Skin Cell Geometry Maintains Healthy Barrier

New research into how epidermal cells form a barrier may explain the paradox of how we can shed skin cells without compromising our skin's integrity. It has been an ongoing challenge for scientists to understand how this colossal shedding process—approximately 200,000 skin cells every hour—can occur without causing a break in the skin. A team from Keio University in Japan, working with a researcher at Imperial College London, studied mouse models using confocal and two-photon microscopes and through mathematical modeling. They discovered that the shape of the epidermal cells, combined with their ability to temporarily glue together, may explain how they form this strong barrier.

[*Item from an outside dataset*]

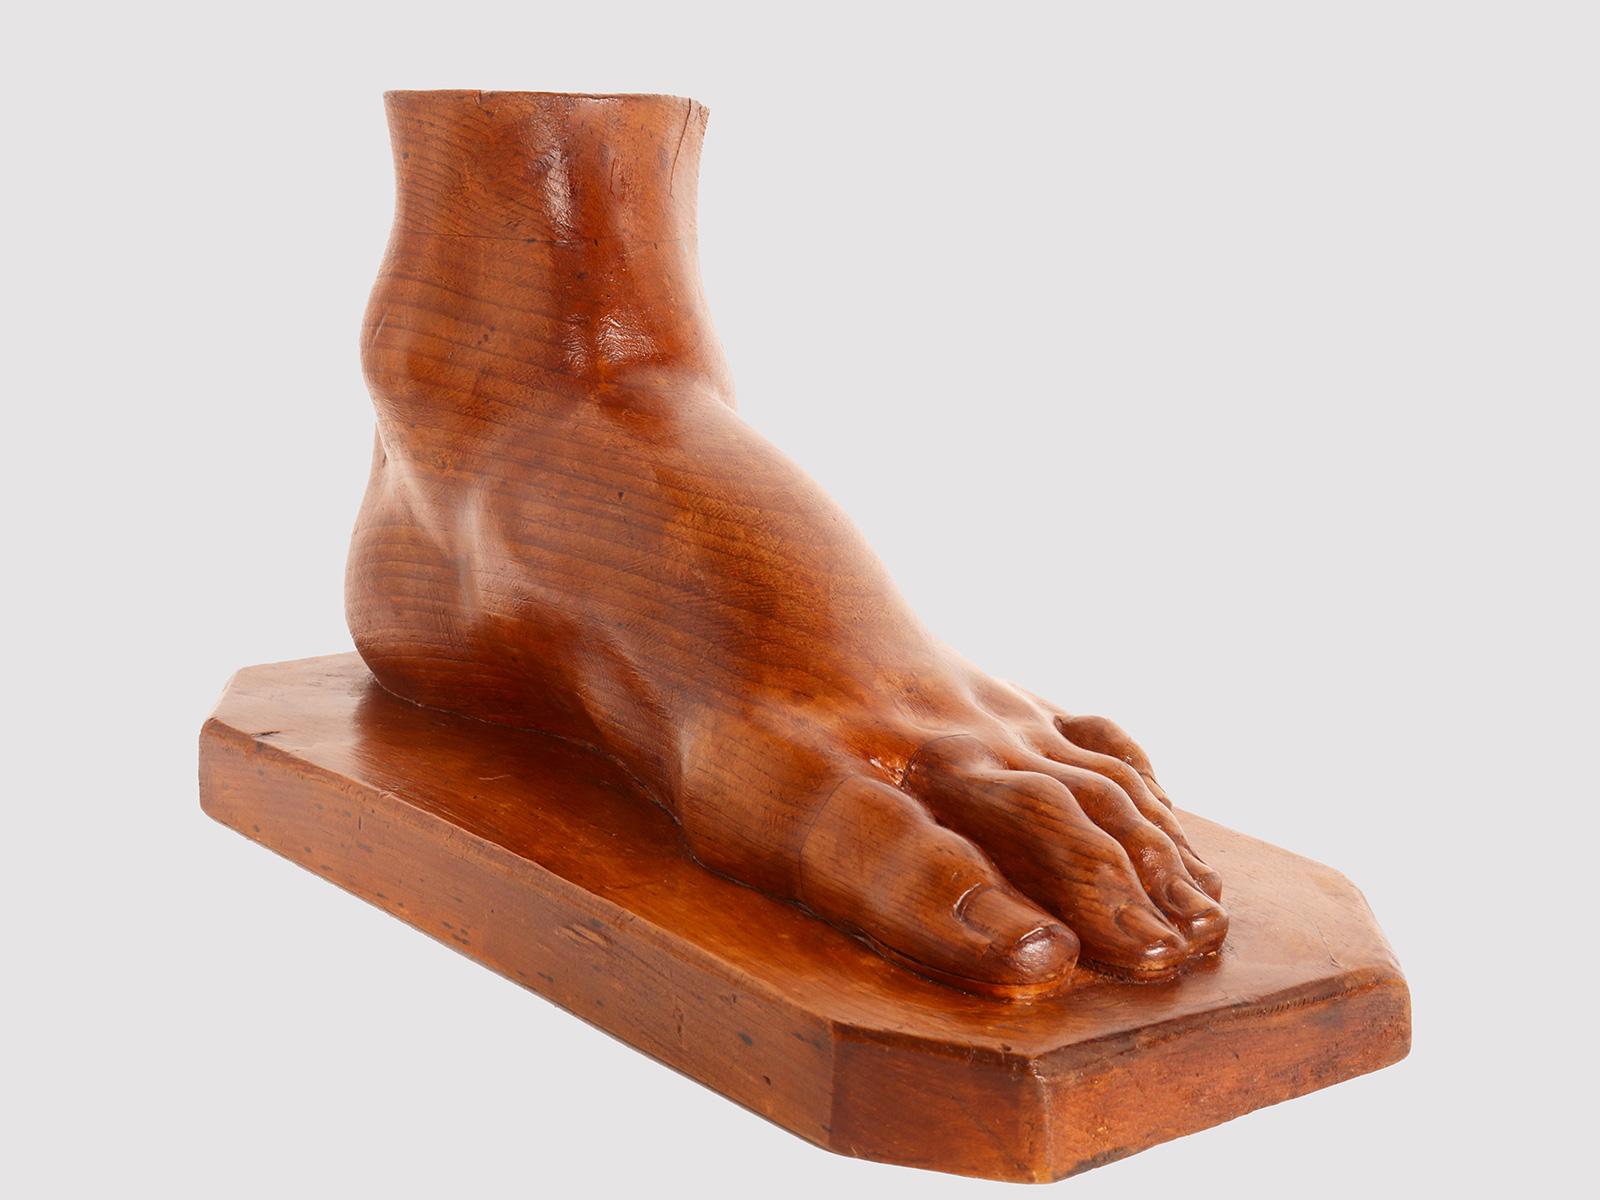 Artistic atelier sculpture depicting a foot. Made of fruit wood, the sculpture has a smooth base with an irregular geometric edge, on which is the artist's proof of refined workmanship and realism, finished down to the smallest detail. Not like in

The researchers suggest that a shape of an epidermal cell is actually a flattened version of a tetrakaidecahedron, a 14-sided 3-D structure made out of six rectangular and eight hexagonal sides. William Thomson, a Scotch-Irish mathematical physicist and engineer, first proposed the tetrakaidecahedron shape in 1887, claiming it was ideal for packing equal-sized objects together to fill space with minimal surface area, like the skin. The epidermal cells' unique rectangular and hexagonal sides mean that they can always form a very tight, cohesive bond with the surrounding cells. That’s not all‑the team also discovered the cells manufacture proteins, or a temporary glue, that bind the cells together in what’s known as tight junctions. The combination of the cells' geometry and adhesive action means that the skin barrier can maintain its integrity, even though it is very thin. The team suggest that malfunctions in the production of the tight junctions may be a contributing factor in conditions such as eczema, where the skin barrier is weakened leading to bacterial infiltration, inflammation, scratching, and further infection. In other cases, problems with the tight junctions may partly explain why in psoriasis there is an overproduction of epidermal cells, causing thick patches of skin on the surface. Says Reika Tanaka, Ph.D., TK title at the Department of Bioengineering at Imperial College London, "Our skin is the largest organ in our body, and it is vital that we completely understand how it works, so when it doesn't work as it should, such as in eczema or psoriasis, we can understand the mechanisms that might be causing the problems."